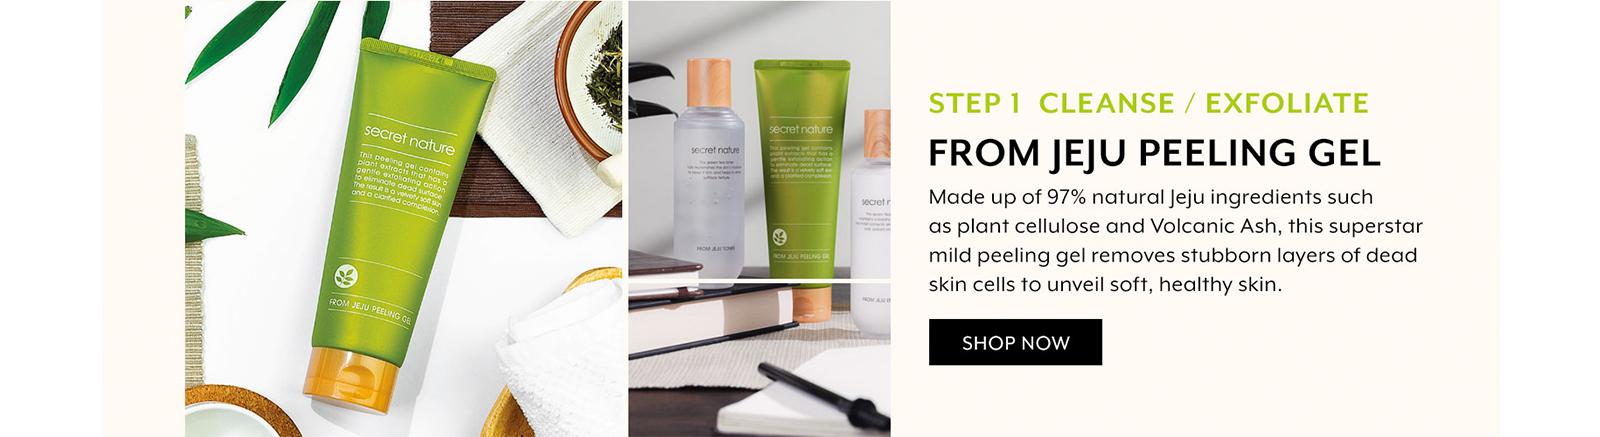 Aug 2018: secret nature Star Products 1
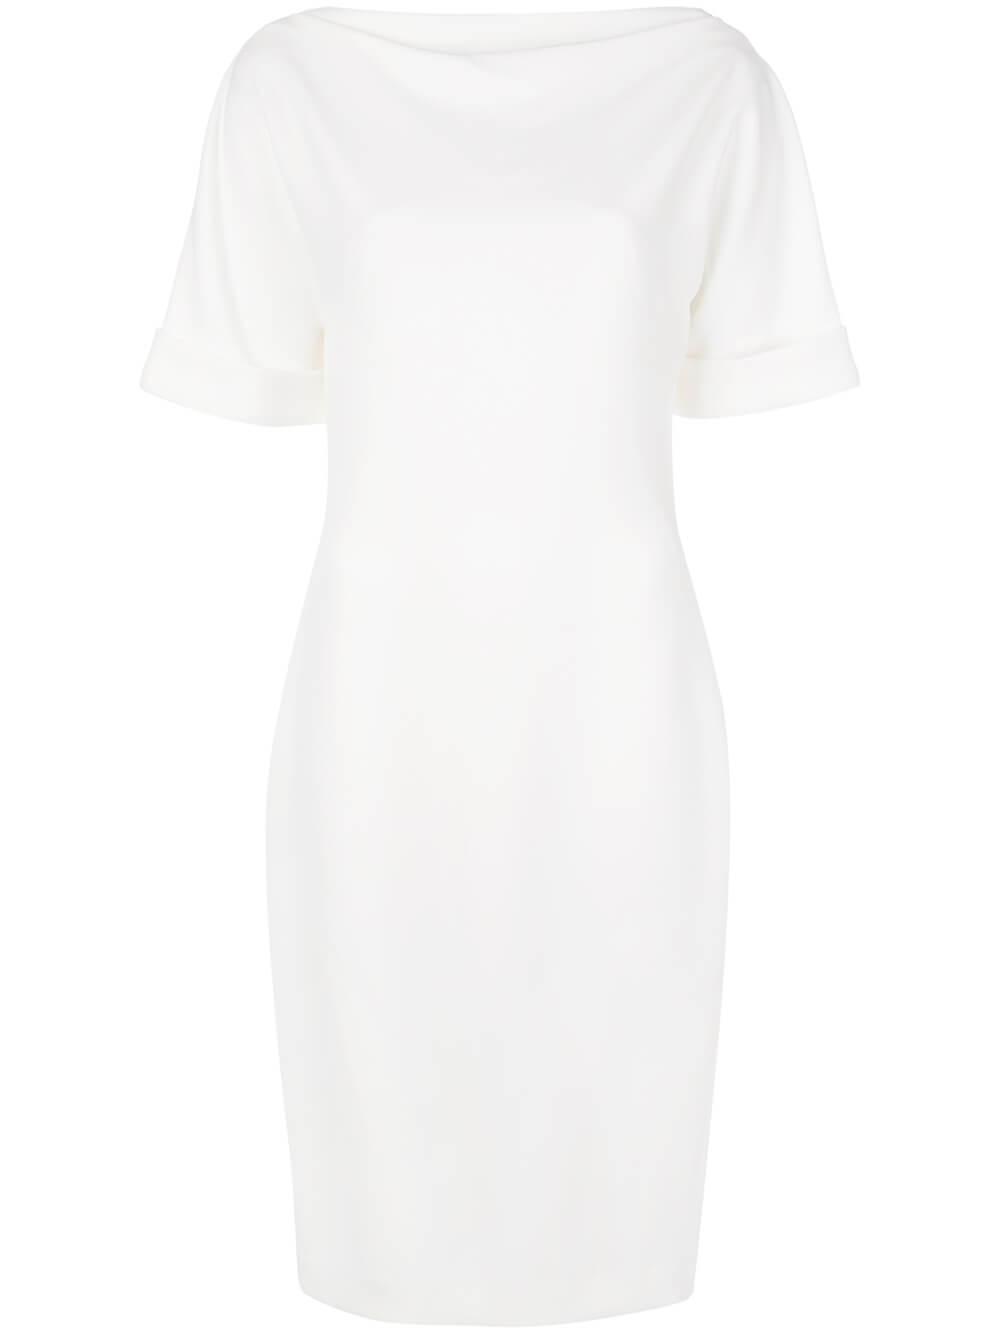 Short Sleeve Cocktail Dress Item # BSD4442
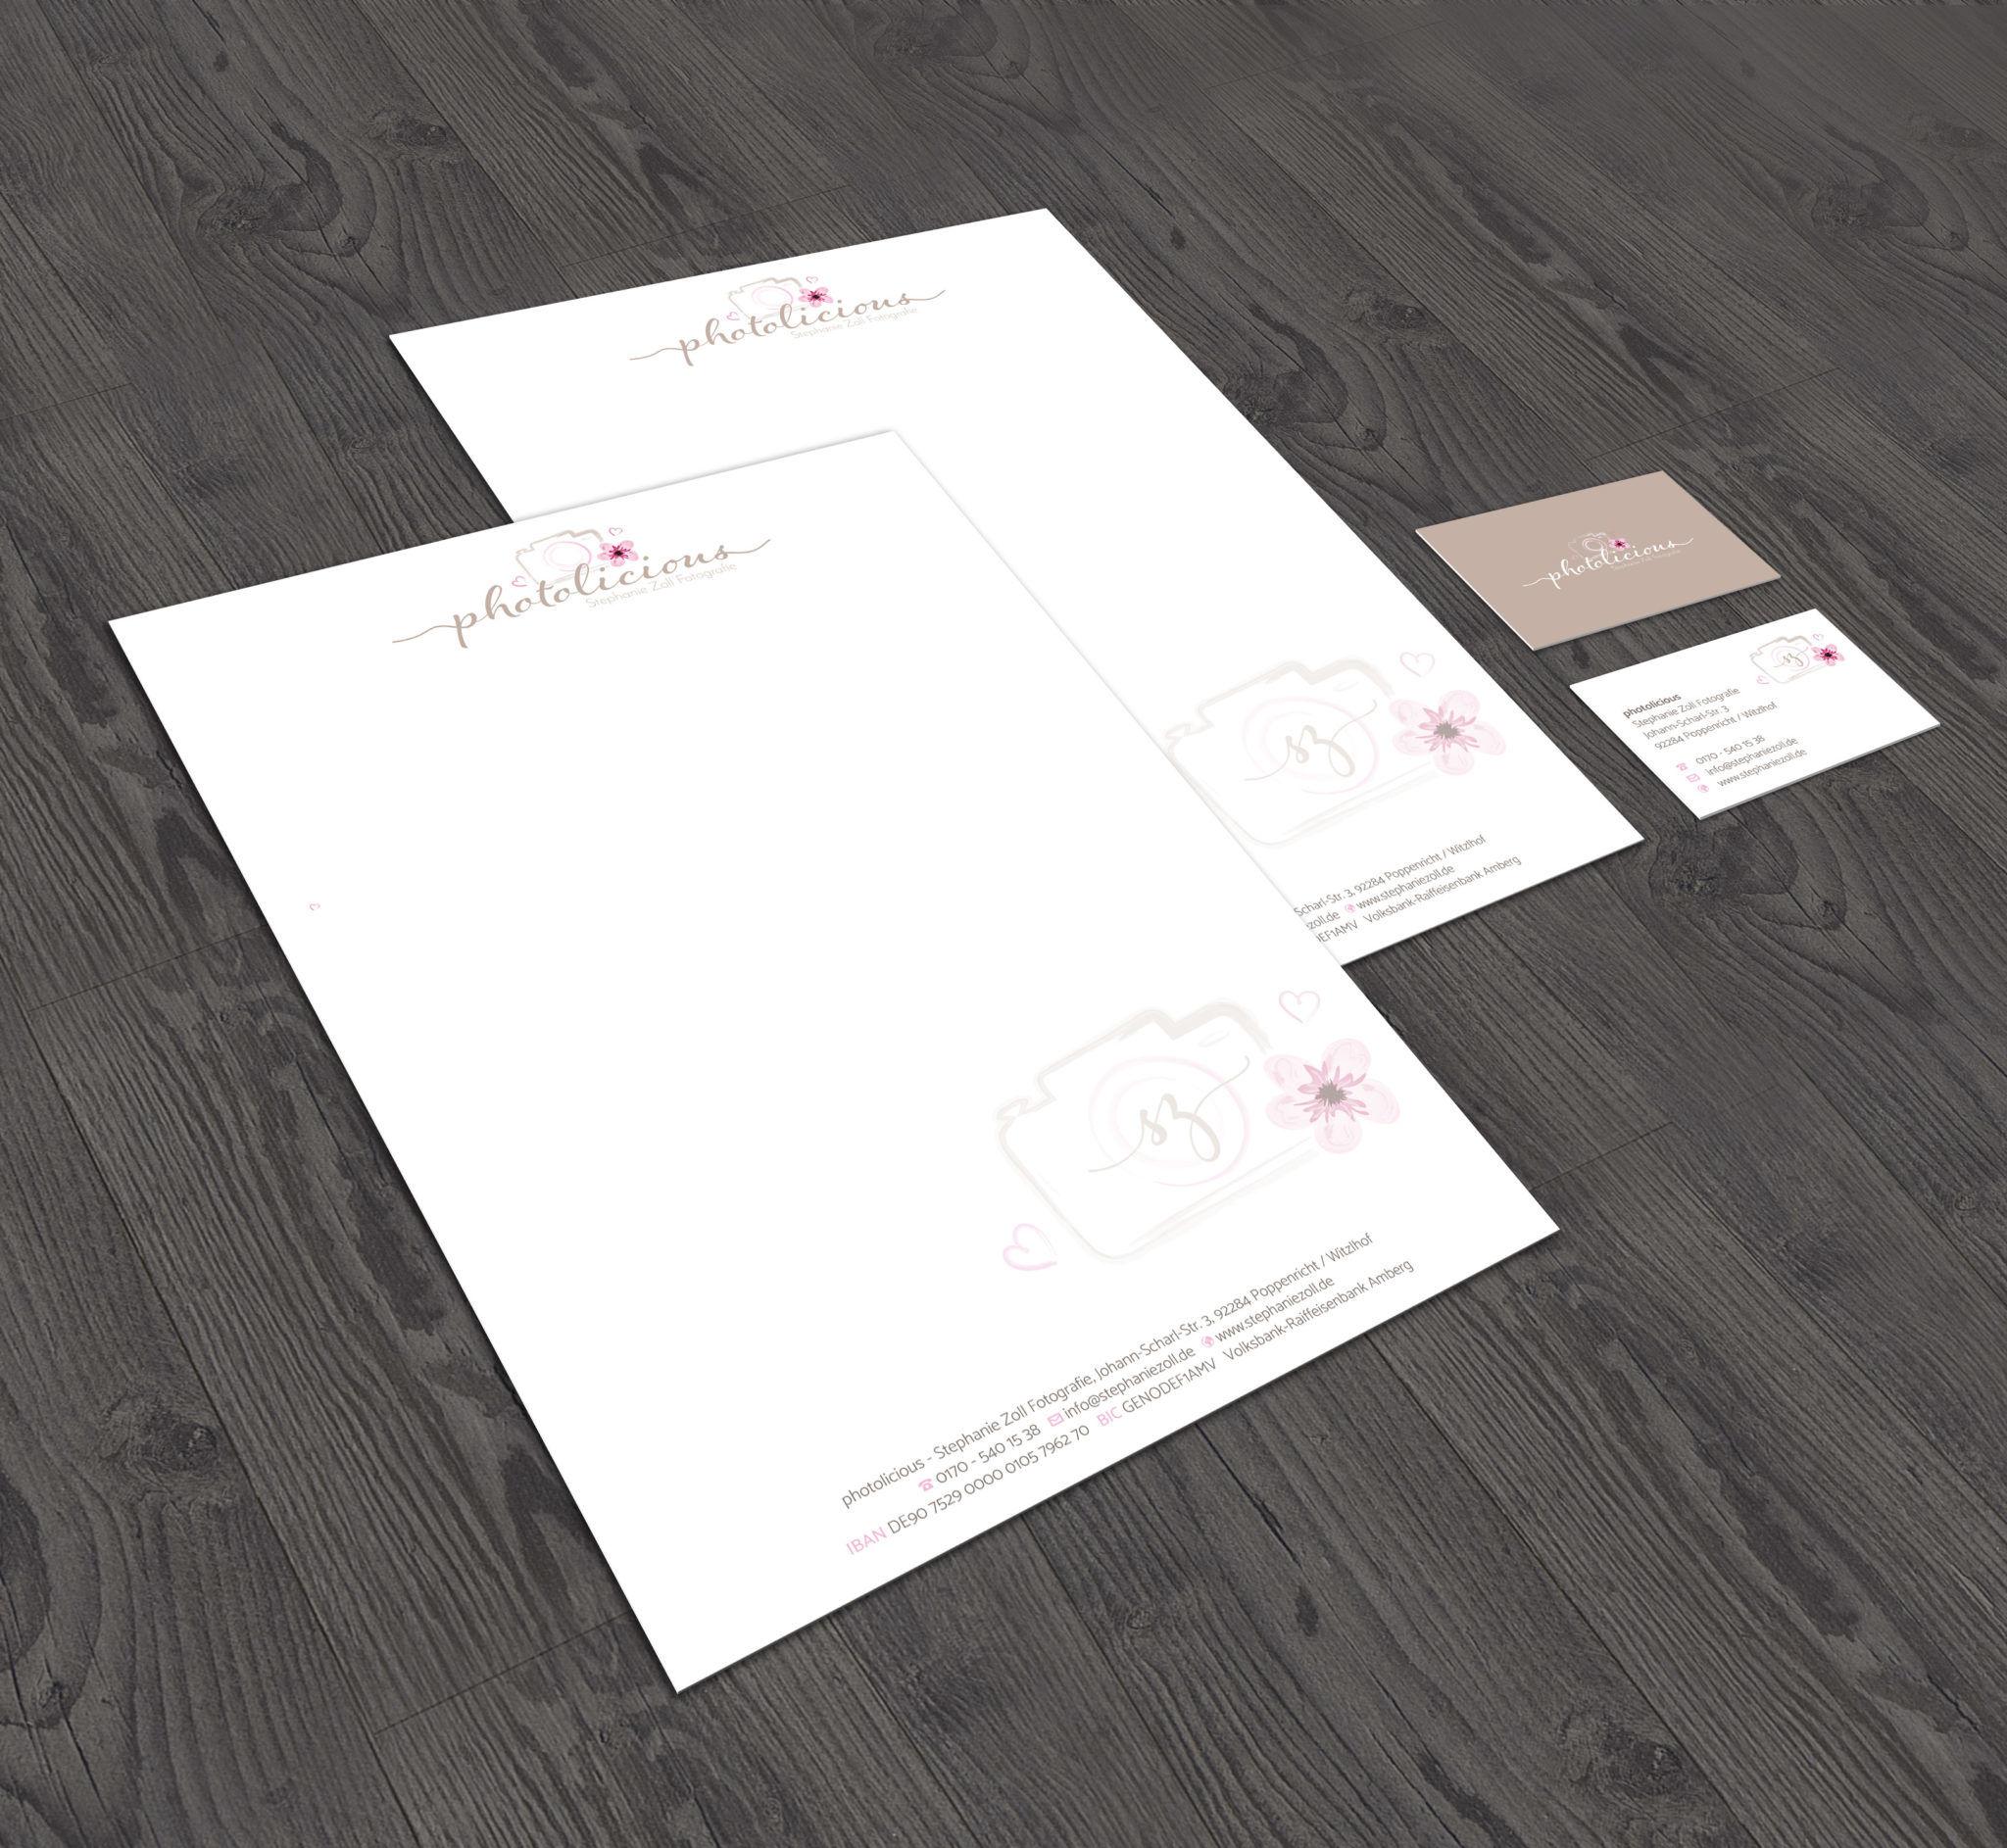 photolicious corporate design

#####

What this task involves ▸
Return the full listing above exactly as written, and omit the pictures.

Solved problem ▸
 Aug 2018: secret nature Star Products 1
 Short Sleeve Cocktail Dress Item # BSD4442
 photolicious corporate design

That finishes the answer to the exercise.